On 8 October 1912, Taugourdeau and Berthe Lemaître were arrested while distributing leaflets at the Gare de l'Est.' However, this did not prevent the activists from holding an important meeting at the salle des Sociétés Savantes on 25 October 1912.' Taugourdeau continued to give speeches the following year, speaking on behalf of the Comité féminin before an audience of 1,200, alongside Charles-Ange Laisant.'

During their demonstration on 1 May 1913, several members were arrested by the police. On 25 May 1913, the Comité féminin participated in a pacifist gathering at Pré-Saint-Gervais.' Around this time, Taugourdeau was replaced as secretary by Jane Morand, an individualist anarchist and former editor-in-chief of the newspaper L'Anarchie. By 1913, the Comité féminin was regarded as one of the most important feminist organizations in Paris.
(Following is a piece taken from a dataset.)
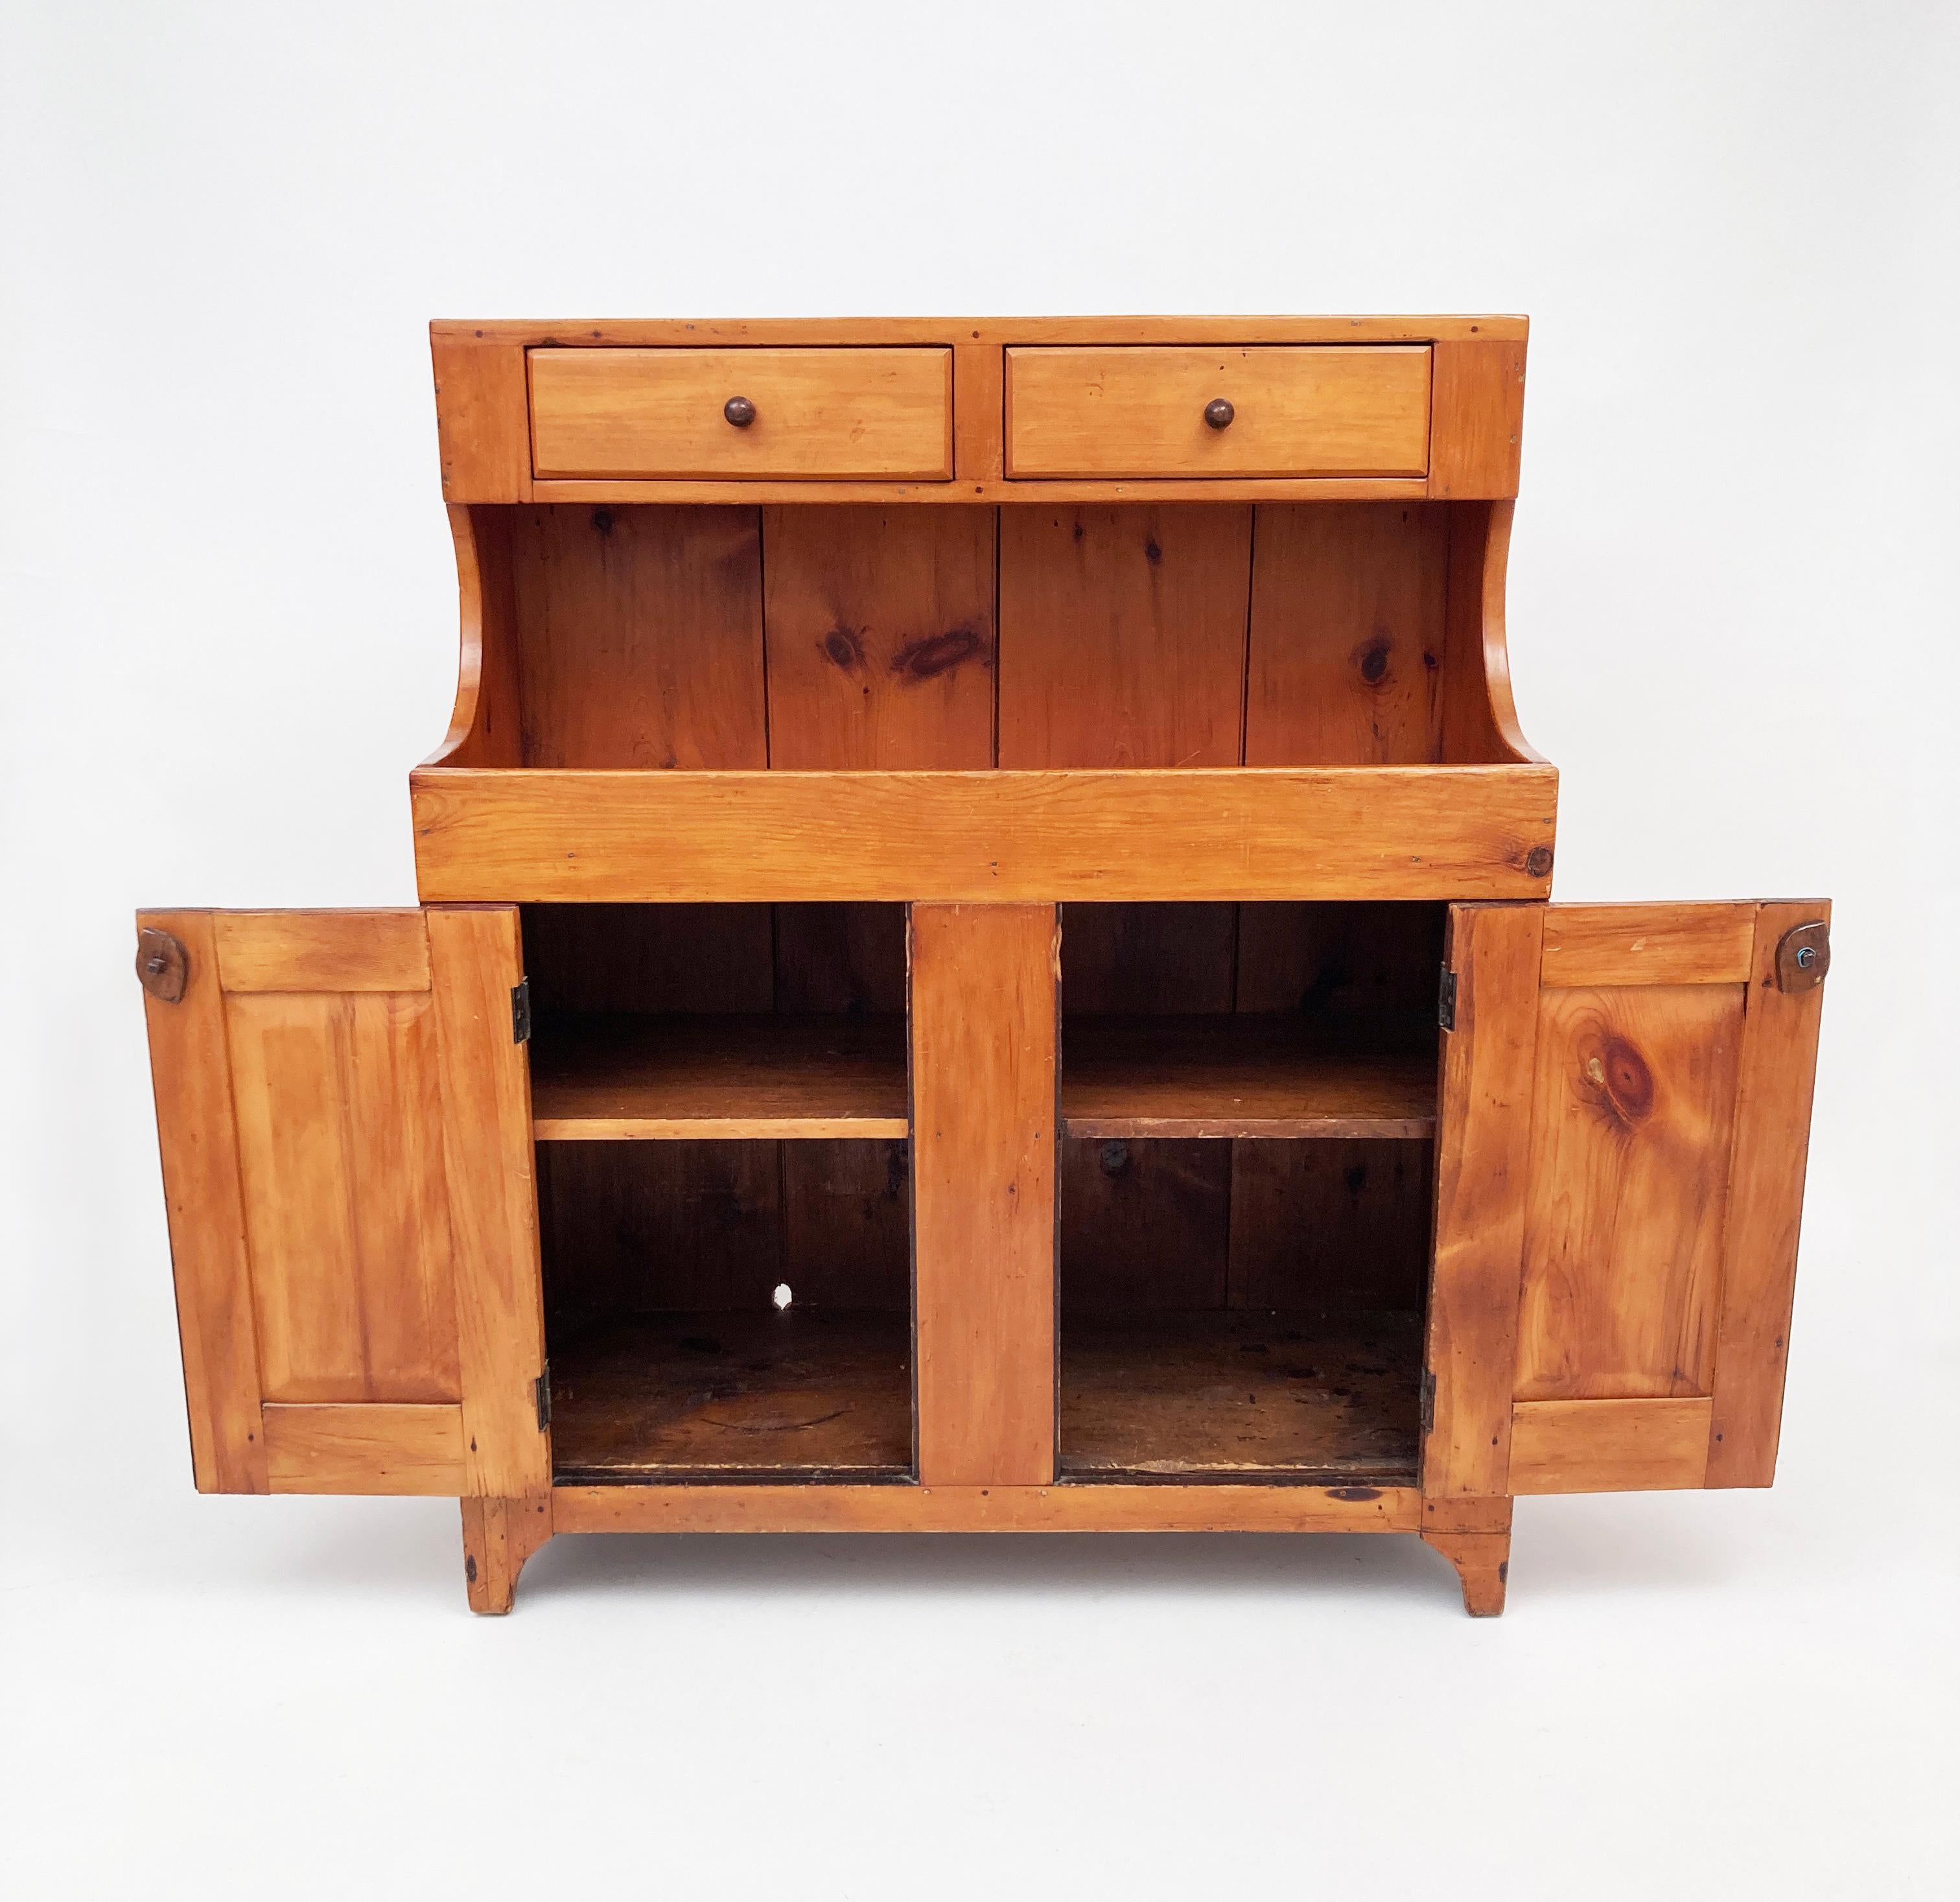 This very early American pine dry sink is a primitive beauty. The impressive craftsmanship that went into the construction of this piece has allowed it to stand the test of time. The entire piece is constructed and joined with hand chiseled dove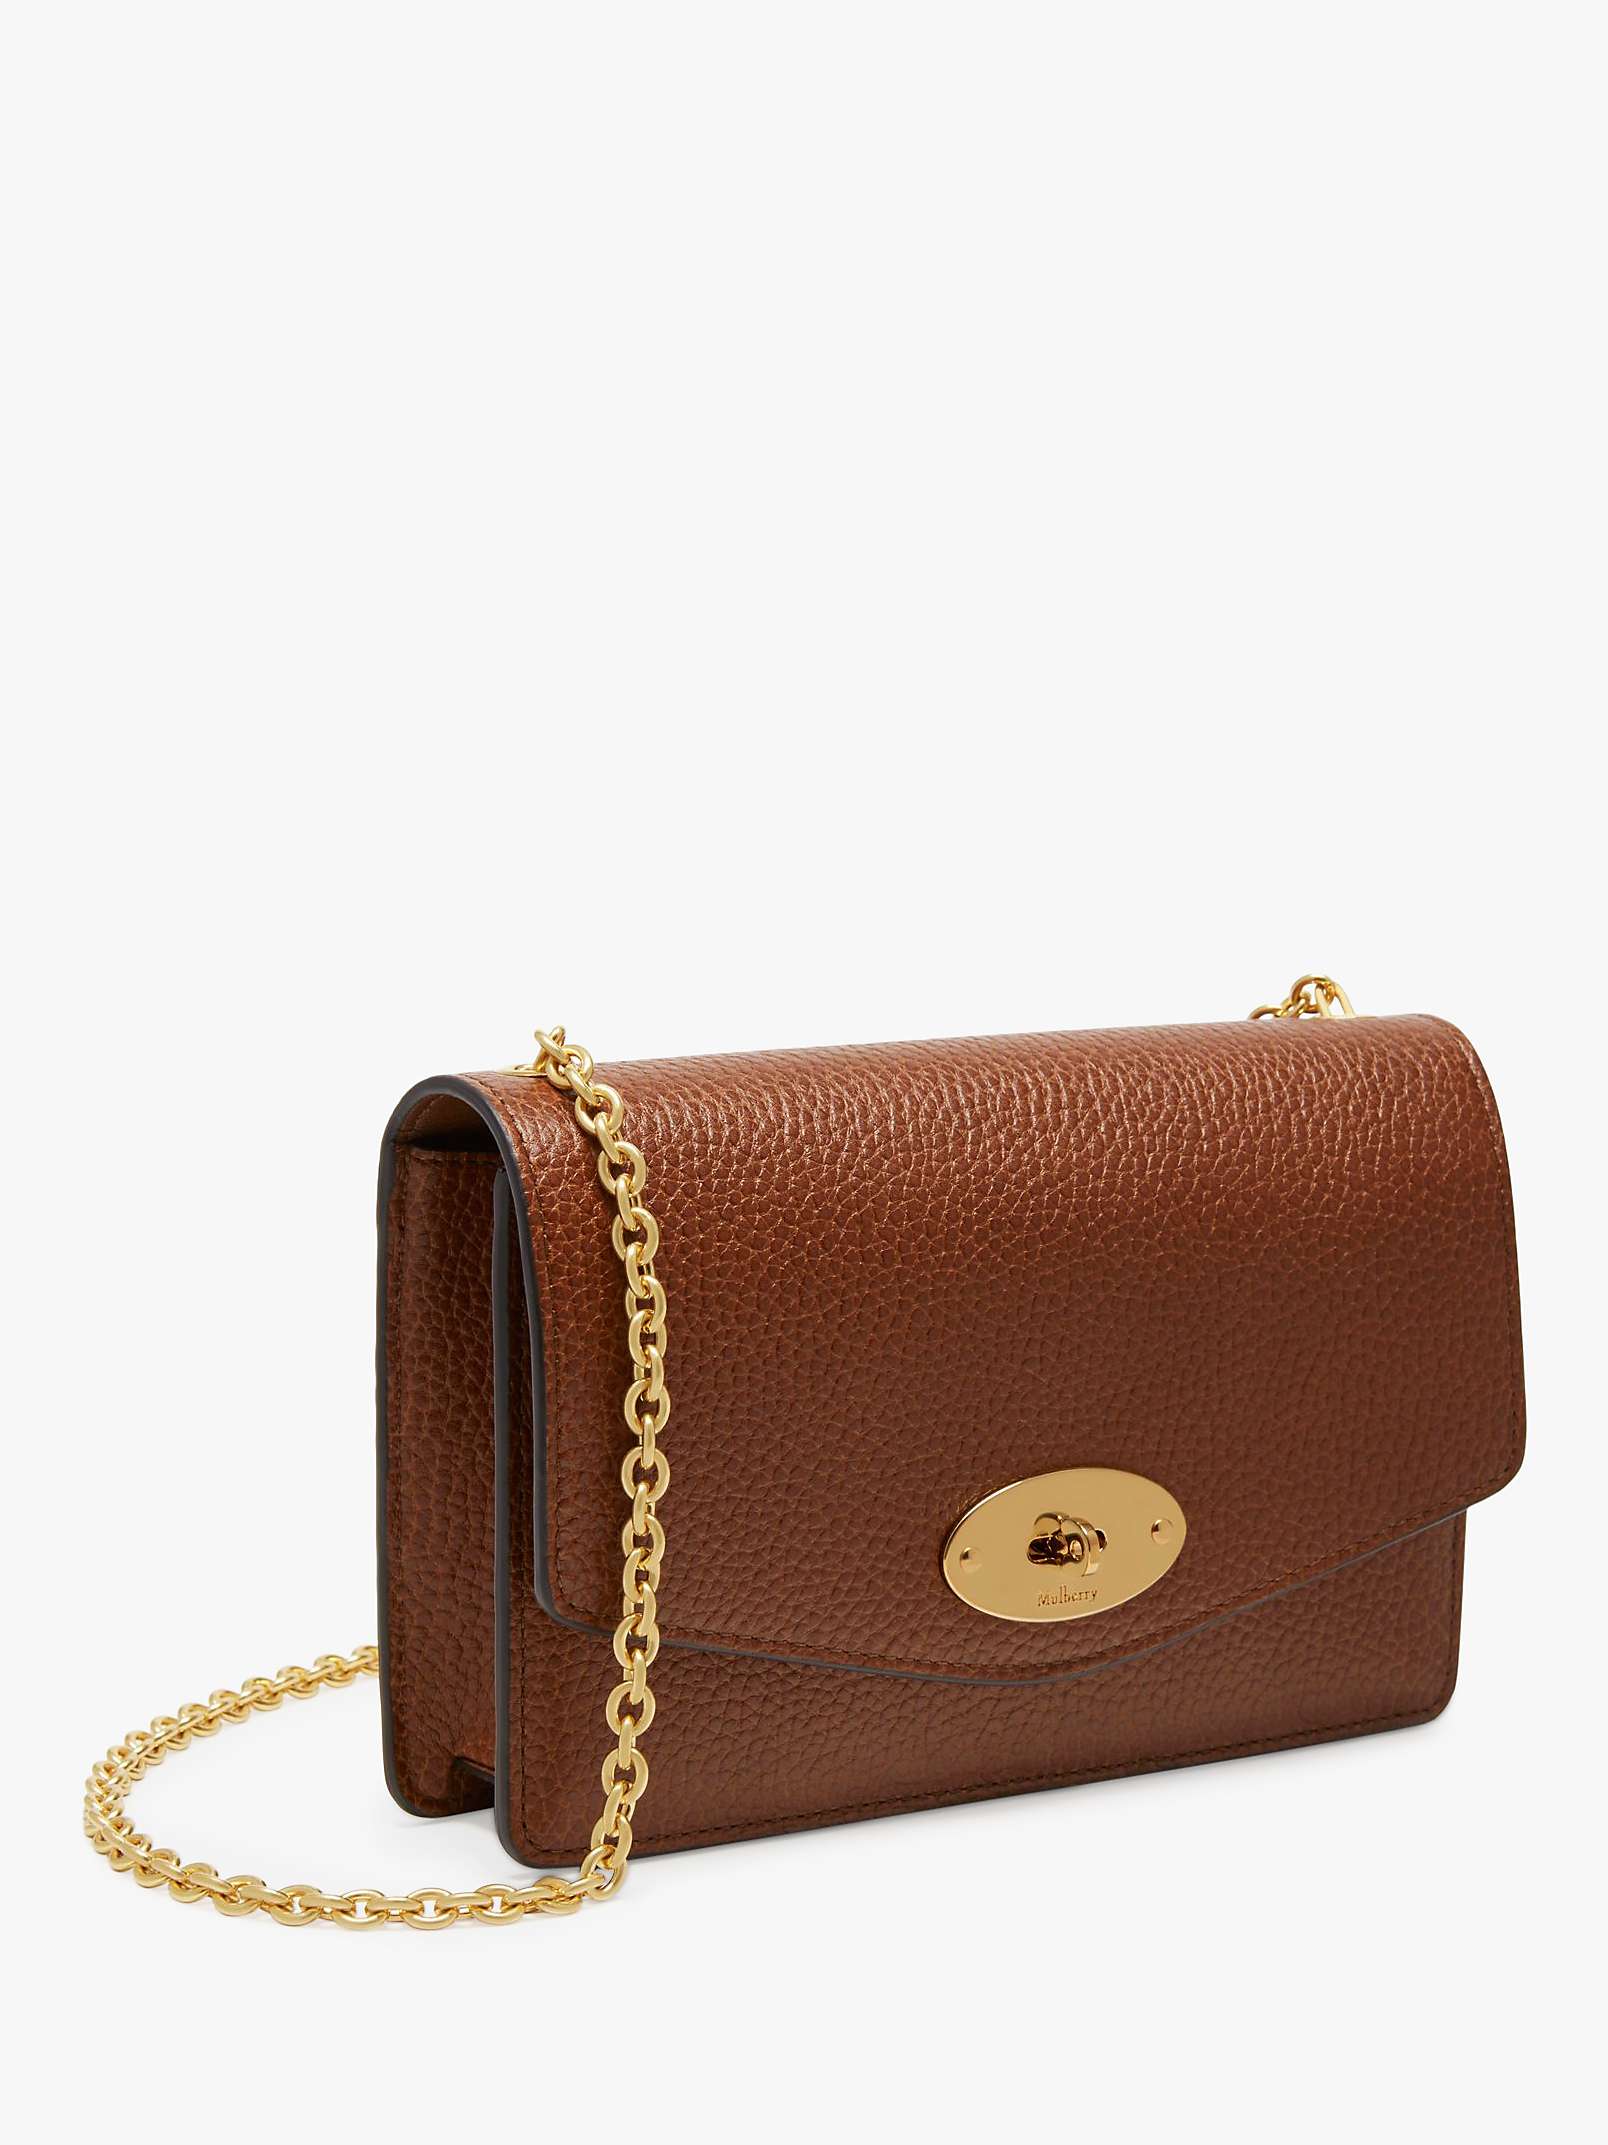 Buy Mulberry Small Darley Grain Veg Tanned Leather Cross Body Bag Online at johnlewis.com

Two members of the committee, Jane Morand and Henriette Tilly, joined the anarchist cooperative Le Cinéma du Peuple at its inception and influenced it to produce Les Misères de l'aiguille (1914), likely the first feminist film in history. Morand also became actively involved in numerous speeches and wrote extensively on antimilitarist issues in the anarchist press during this period.